府医把脉后,叹息道:“四少爷的脉象沉缓微弱,恐怕熬不过今天了......”
裴烨一屁股瘫坐在地上。
他突然嚎啕大哭。
“阿璟,我的阿璟......”
哭了一炷香左右,他猛然站起身,往外跑。
管事跟出来,问:“大少爷,您去哪里?”
“我要找阿璟。”裴烨道。
管事拉住了他:“二少爷,现在还不能去找四少爷!”
裴烨挣脱了他。
“他死了,你要守灵三日,三日之后再去看望四少爷!”裴仲山的贴身护卫陈海川追了出来,抓住了裴烨的胳膊。

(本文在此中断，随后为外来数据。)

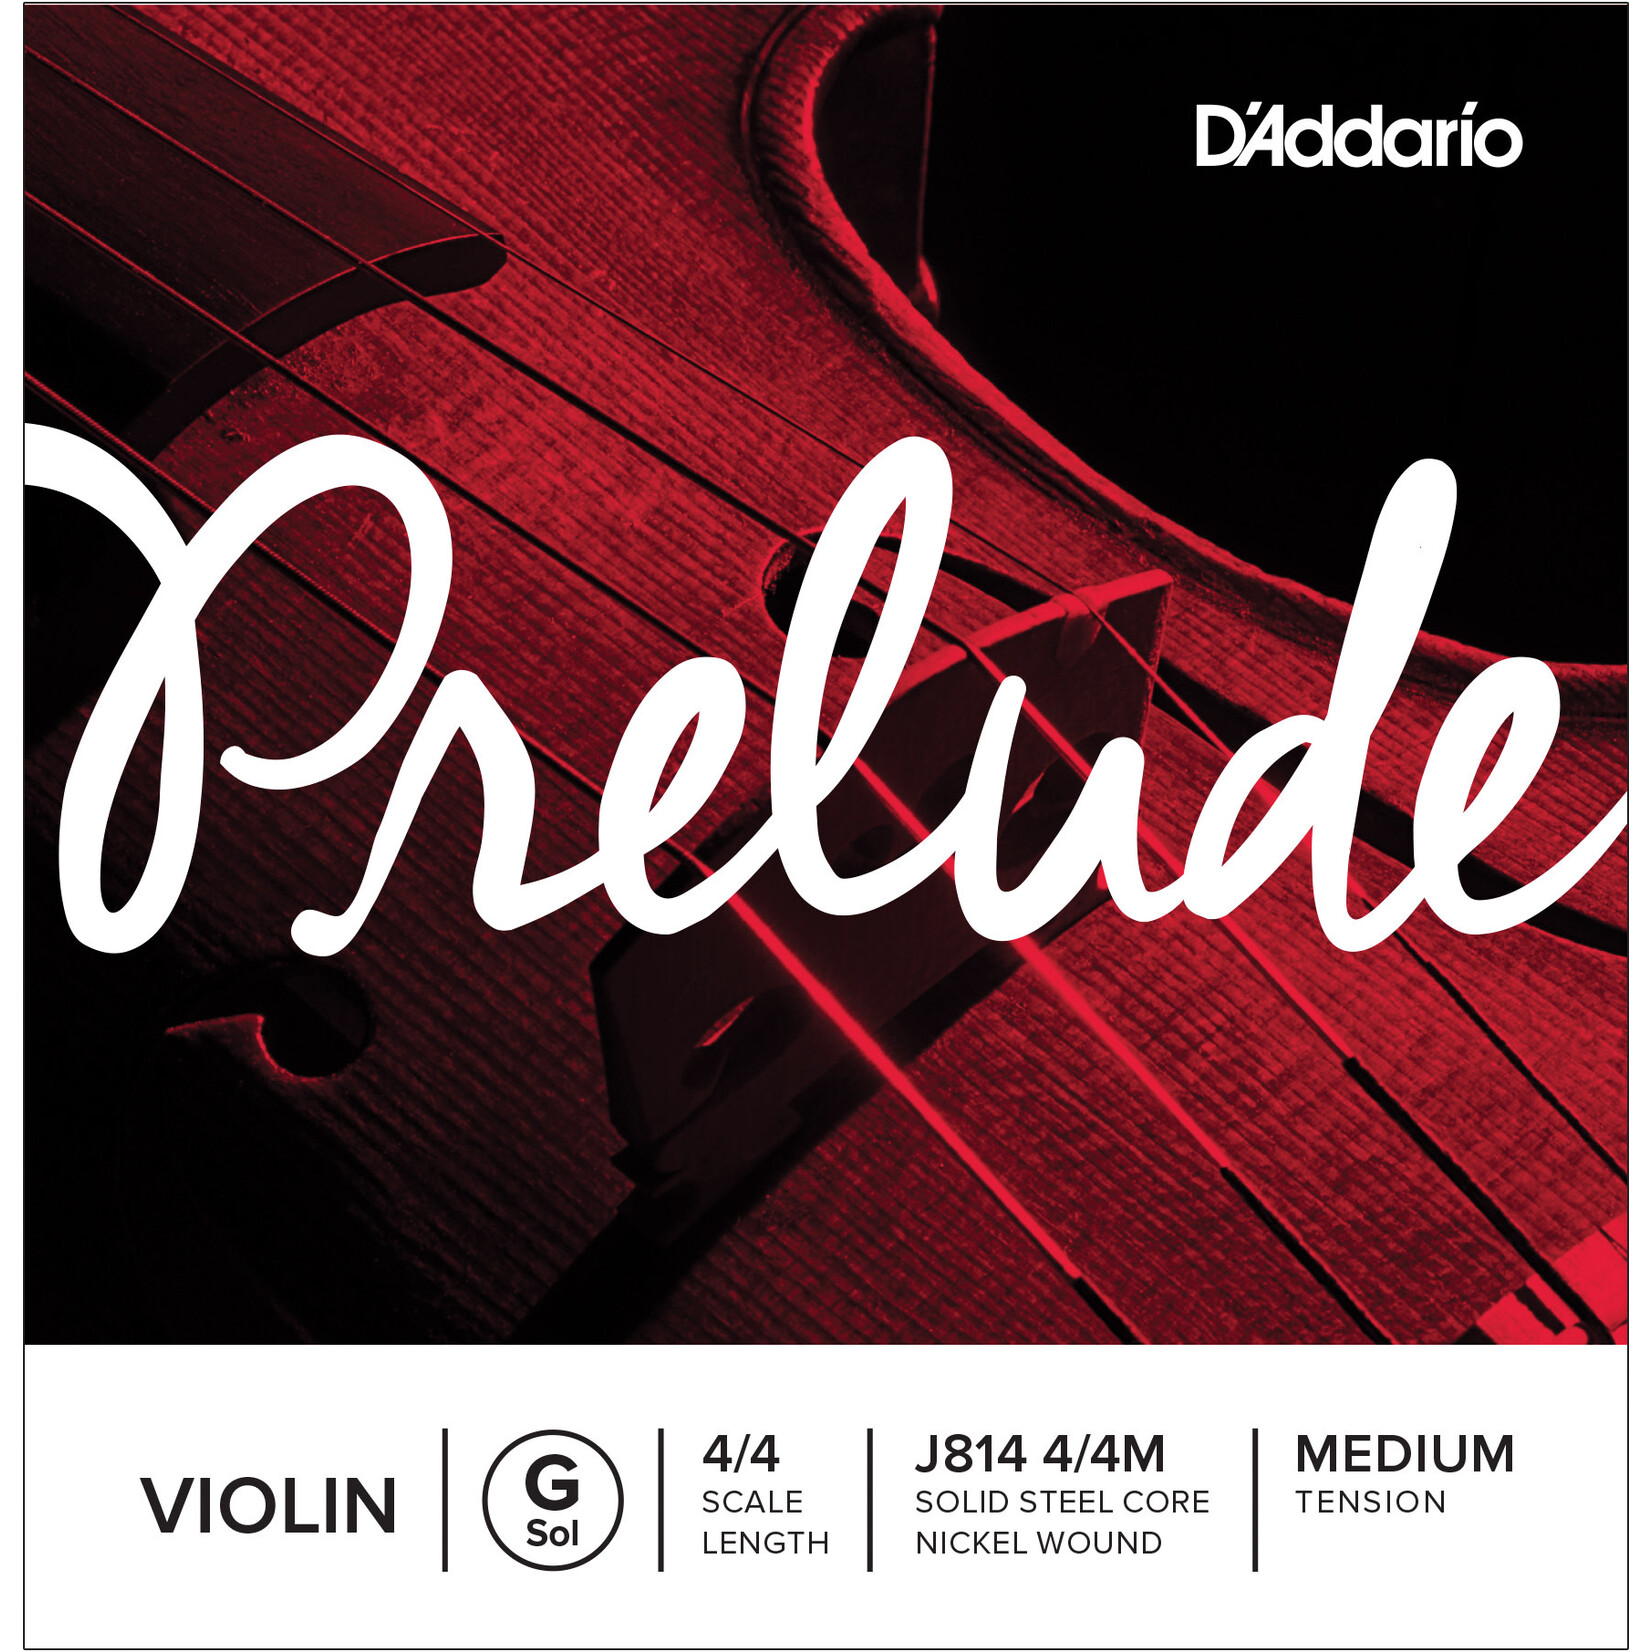 D'Addario D'Addario Prelude Violin G 4/4 Scale Medium Tension *Single String

他的声音极冷,“你不想让四少爷入土为安,就别进去!”
“可是......”
“没有可是,二少爷。”陈海川道。
他用力拽着裴烨,把他强行推进了屋子。
裴仲山在旁边看着,始终未曾说话。
他坐在椅子里,神情木然。
片刻后,他吩咐道:“阿海,你去趟南京,把阿璟的遗体带回来。记住,要悄悄的,莫要惊动任何人,否则咱们裴氏一门,将会遭到灭顶之灾。”
陈海川点点头:“老爷放心,属下晓得轻重。”
“另外,你再多调查一些。”裴仲山又道。
陈海川问:“老爷怀疑,大少爷和夫人?”
“你不懂!”裴仲山的语气里充满了疲惫,“他俩是我的妻子、嫡子、嫡女。我不愿意牵累他们......”
陈海川不解。
他不明白,为什么要隐姓埋名,苟且偷生?
裴仲山却不愿再说。
陈海川也只好不再提及这件事。
他领了差事,离开了裴家,直奔南京而去。
等陈海川离开,裴仲山又陷入了长久的沉默中。
他静坐许久,才吩咐下人,去找了几块石头,摆放在裴璟的棺椁前。
裴家有规矩,嫡系子嗣的牌位,都要供奉在祠堂里。
这是先祖传下来的。
裴仲山的祖父,是当朝阁臣裴宽。
裴仲山的祖母,是皇帝的姐姐,封号孝惠皇贵妃。她出自皇室宗亲,身份尊崇。
这样的身份,足以令裴氏一族荣耀。
裴仲山的娘,是裴家的继室。
裴仲山的爹娶续弦的时候,是带着钱财来的。裴仲山的娘,也就是庶出的。
庶子的妻子,自然比不过嫡出的。
她进门之后,不得宠。
可她是裴家的大奶奶,裴仲山爹不能亏待她,所以她过得比较舒坦。
只可惜,她的孩子们,没有像她这样享福。